God’s people have always been created by the Word of God. From creation in Genesis 1 to Abraham’s call in Genesis 12, from the vision of the valley of dry bones in Ezekiel 37 to the coming of the living Word, God has always created His people through His Word. As Paul wrote to the Romans, “Does faith come from preaching and preaching through the word of Christ?”(10:17). Or, as he writes to the Corinthians: “For, in the wisdom of God, the world did not know him by his own wisdom, did God please save those who believe through the madness of preaching?(1 Corinthians 1: 21).

? A church built on music? Is it a church built on sand?

Healthy and explicit preaching is often the source of a church’s growth; in Martin Luther’s experience, such attention to the Word of God was the principle of reform; we must also commit ourselves to being churches always reformed according to the Word of God.

Once, while teaching a London church seminar on Puritanism, I mentioned that Puritan sermons sometimes lasted two hours. Faced with this, a person asked, “How much time is left for worship?” Hearing the word of God preached was not supposed to be worship. I responded that many English Protestant Christians would have considered hearing God’s word in their own language and responding to it in their lives as an essential part of their worship. , it would be relatively a sower.

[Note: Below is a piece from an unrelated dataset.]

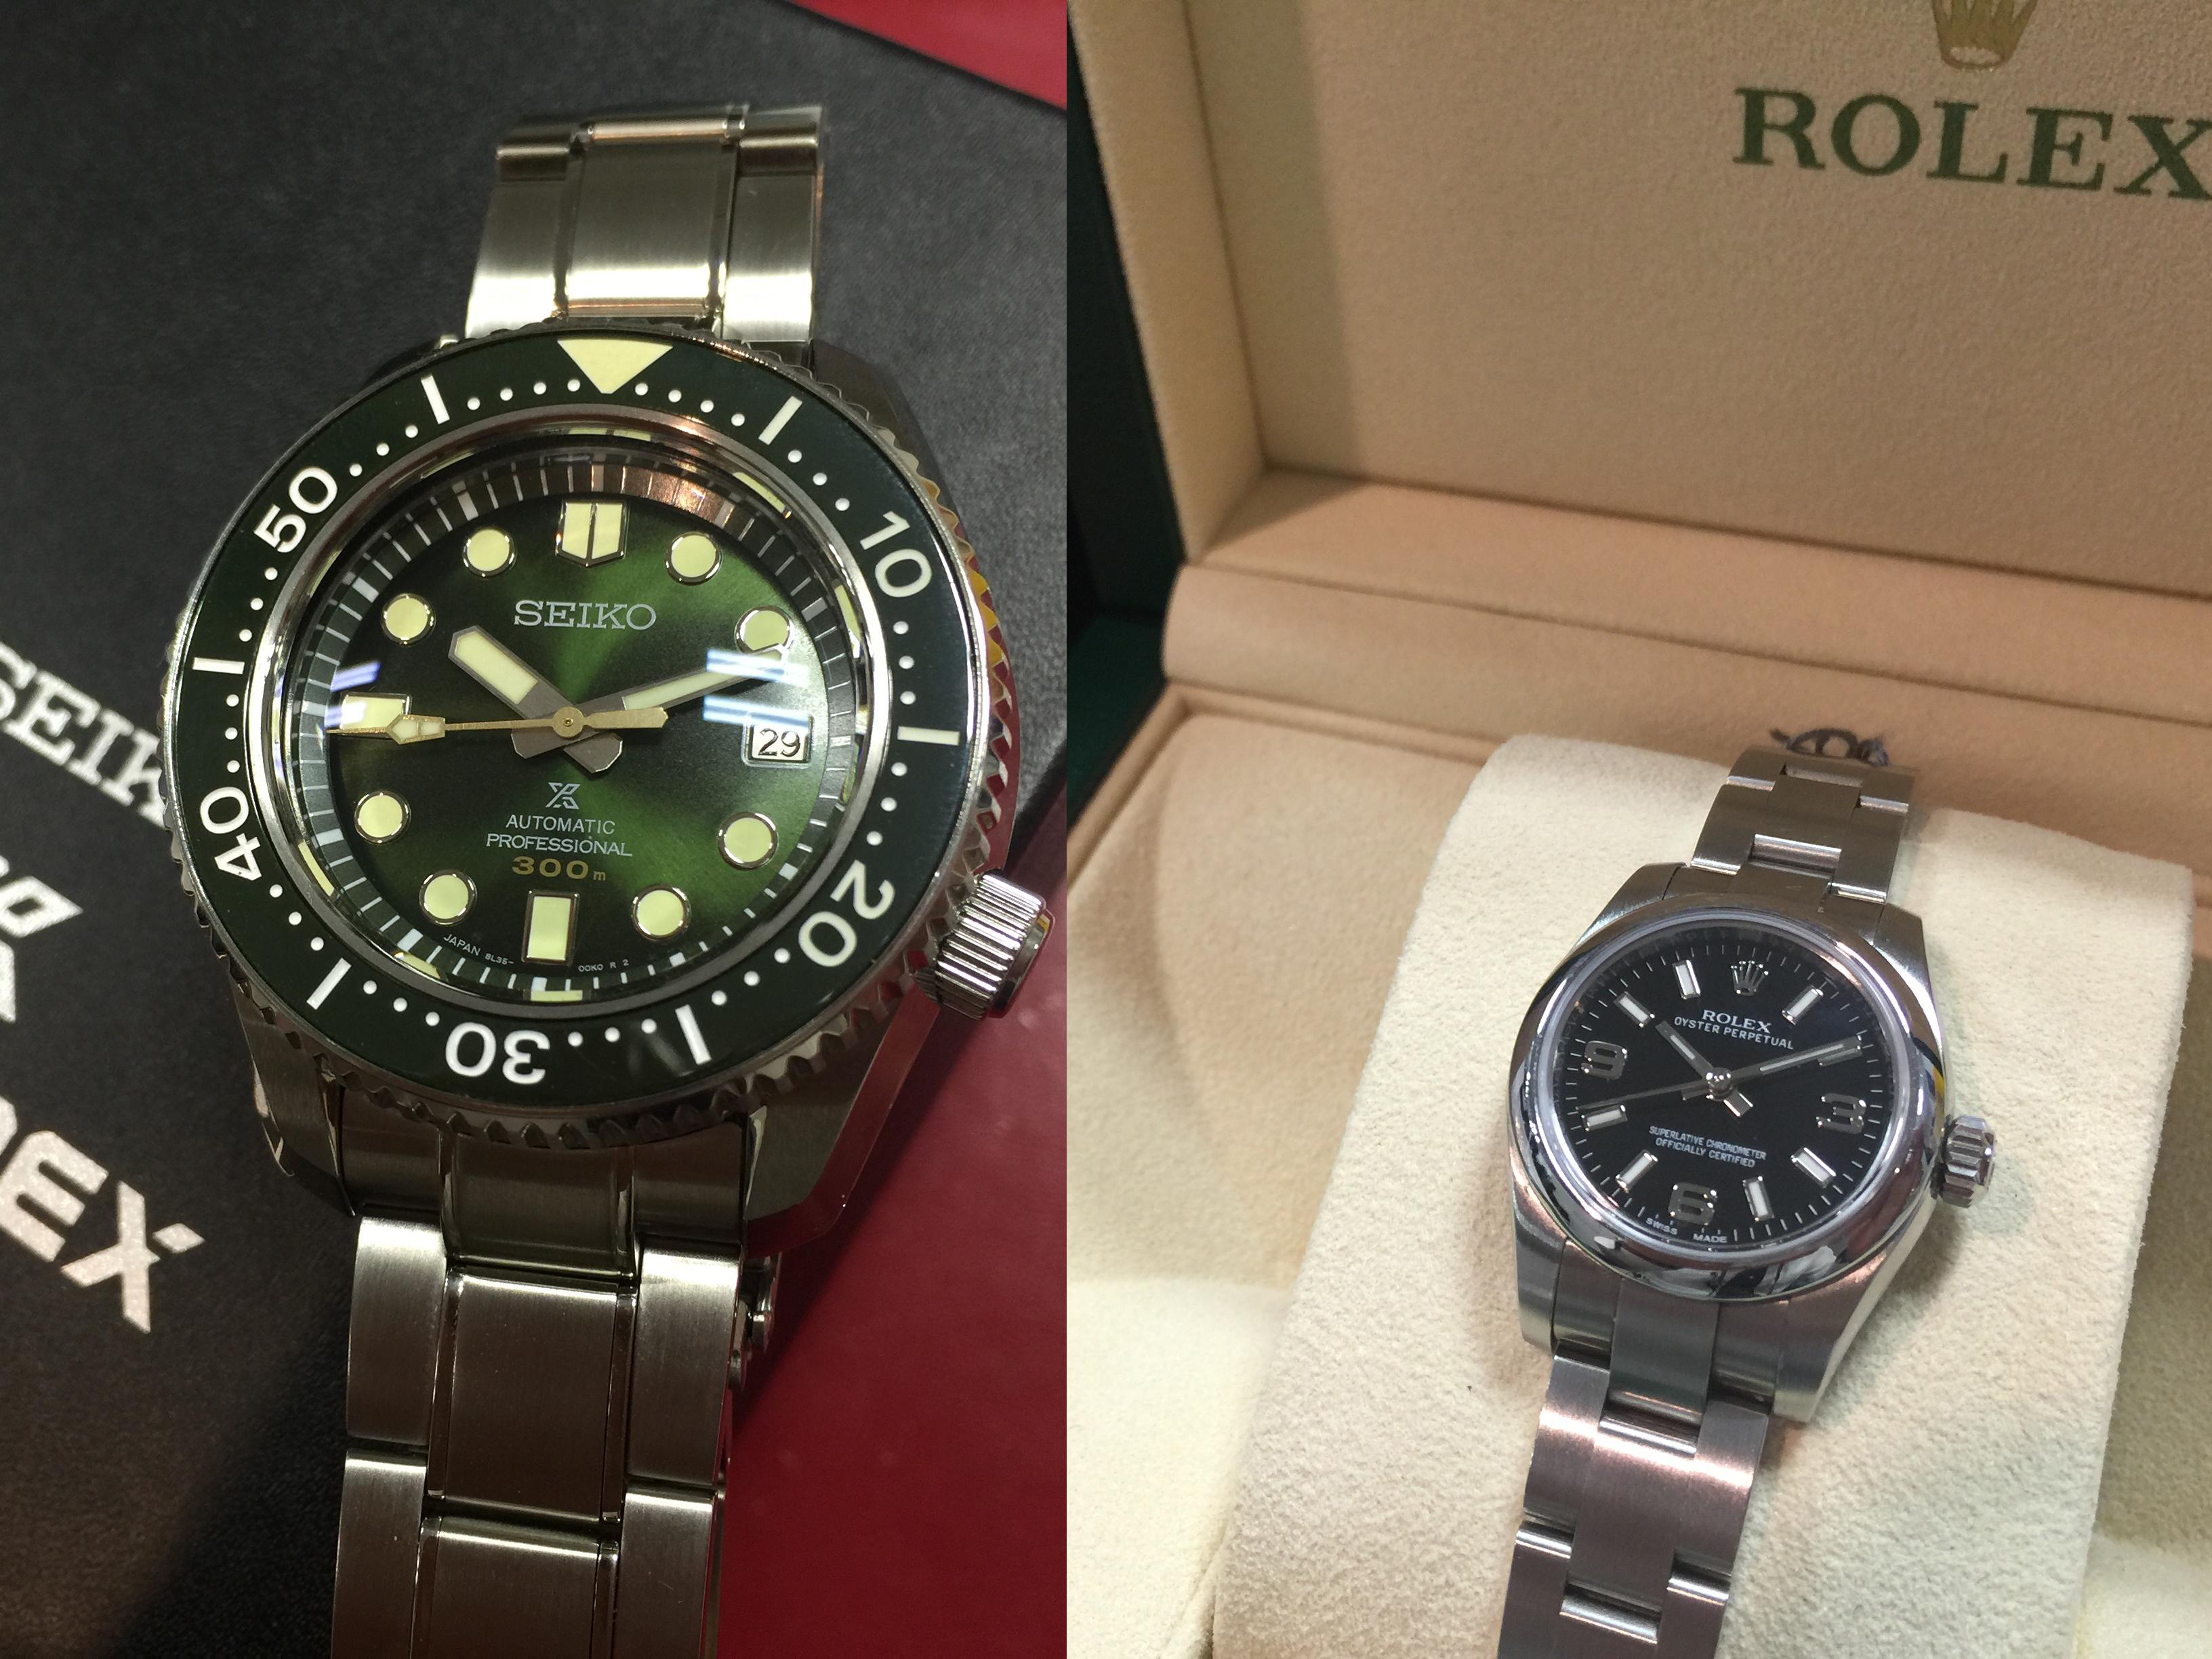 ロレックス ROLEX オイスターパーペチュアル 176200 , SEIKO メカニカルダイバーズ50周年 SBDX021

Our churches must regain the central place of the Word in our worship. Hearing and responding to God’s Word can include praise and thanksgiving, confession and proclamation, and any of these things can take the form of a song, but none of them. you do not need to take this form. A church built with music? what is the style? it is a church built on sand. Preaching is the fundamental component of the pastorate. Pray for your pastor to dedicate himself to studying the Bible with rigor, care and seriousness, and that God will lead him to understand the Word, to apply it to his own life and to apply it in the Church (see Luke 24:27; Acts 6: 4; Ephesians 6: 19-20). If you are a pastor, pray about these things for yourself. Pray also for others who preach and teach the Word of God. Finally, pray that our churches will commit to hearing God’s Word preached explicitly, so that the leadership of each church is increasingly shaped by God’s agenda as expressed in Scripture. Commitment to explanatory preaching is the hallmark of a healthy church.